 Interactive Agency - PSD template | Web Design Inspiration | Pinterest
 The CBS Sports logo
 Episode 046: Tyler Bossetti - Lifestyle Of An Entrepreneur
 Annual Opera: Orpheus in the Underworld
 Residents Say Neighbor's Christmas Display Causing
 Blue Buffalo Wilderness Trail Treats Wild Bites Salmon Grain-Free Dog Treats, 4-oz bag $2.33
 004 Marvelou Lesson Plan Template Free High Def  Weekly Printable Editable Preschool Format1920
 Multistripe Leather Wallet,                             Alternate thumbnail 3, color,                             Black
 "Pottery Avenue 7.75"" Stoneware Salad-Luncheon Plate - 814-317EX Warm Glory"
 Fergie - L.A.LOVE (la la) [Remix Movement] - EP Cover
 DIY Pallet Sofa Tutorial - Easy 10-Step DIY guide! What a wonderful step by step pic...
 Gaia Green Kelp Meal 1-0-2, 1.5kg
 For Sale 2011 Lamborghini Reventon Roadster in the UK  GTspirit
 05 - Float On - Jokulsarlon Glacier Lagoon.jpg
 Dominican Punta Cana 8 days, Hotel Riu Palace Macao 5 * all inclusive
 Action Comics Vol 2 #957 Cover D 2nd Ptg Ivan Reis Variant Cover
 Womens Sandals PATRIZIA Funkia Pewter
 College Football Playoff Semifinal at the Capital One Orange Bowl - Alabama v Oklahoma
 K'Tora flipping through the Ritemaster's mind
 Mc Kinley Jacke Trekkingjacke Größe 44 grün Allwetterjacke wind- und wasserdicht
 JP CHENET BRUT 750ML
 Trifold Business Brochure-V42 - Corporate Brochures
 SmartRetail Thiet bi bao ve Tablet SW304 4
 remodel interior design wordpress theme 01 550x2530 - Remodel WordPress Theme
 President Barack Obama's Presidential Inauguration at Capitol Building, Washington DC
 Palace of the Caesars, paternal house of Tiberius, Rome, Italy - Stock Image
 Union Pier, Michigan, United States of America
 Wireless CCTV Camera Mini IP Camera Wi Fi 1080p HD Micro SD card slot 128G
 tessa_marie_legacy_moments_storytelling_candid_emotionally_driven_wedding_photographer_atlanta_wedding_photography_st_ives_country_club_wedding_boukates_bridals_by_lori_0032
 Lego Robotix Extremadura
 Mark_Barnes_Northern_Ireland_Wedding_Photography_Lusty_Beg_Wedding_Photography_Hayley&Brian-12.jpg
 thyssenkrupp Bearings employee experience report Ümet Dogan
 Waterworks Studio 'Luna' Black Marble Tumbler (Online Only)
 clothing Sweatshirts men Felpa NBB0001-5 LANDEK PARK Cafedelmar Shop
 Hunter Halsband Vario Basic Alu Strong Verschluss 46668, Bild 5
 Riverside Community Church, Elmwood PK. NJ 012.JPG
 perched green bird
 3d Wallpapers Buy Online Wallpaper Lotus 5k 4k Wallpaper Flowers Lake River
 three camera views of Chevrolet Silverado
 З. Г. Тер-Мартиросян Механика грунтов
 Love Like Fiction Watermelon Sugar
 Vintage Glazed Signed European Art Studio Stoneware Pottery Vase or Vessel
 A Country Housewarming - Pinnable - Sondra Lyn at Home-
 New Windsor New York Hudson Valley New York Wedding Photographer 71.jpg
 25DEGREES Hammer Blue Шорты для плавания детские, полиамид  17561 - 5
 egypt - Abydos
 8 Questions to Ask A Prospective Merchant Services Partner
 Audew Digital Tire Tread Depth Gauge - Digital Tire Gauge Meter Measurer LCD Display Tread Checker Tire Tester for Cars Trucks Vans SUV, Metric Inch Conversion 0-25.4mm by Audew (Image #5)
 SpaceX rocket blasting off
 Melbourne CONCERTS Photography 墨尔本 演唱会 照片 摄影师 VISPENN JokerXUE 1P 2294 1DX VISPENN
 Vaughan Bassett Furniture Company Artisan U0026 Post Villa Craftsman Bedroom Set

» WHAT IS EXPECTED
Only one stretch of the entries above is wanted: the lines from the one containing "Palace of the" through the one containing "Wireless CCTV Camera". Please reproduce it exactly.

» EXERCISE RESPONSE
 Palace of the Caesars, paternal house of Tiberius, Rome, Italy - Stock Image
 Union Pier, Michigan, United States of America
 Wireless CCTV Camera Mini IP Camera Wi Fi 1080p HD Micro SD card slot 128G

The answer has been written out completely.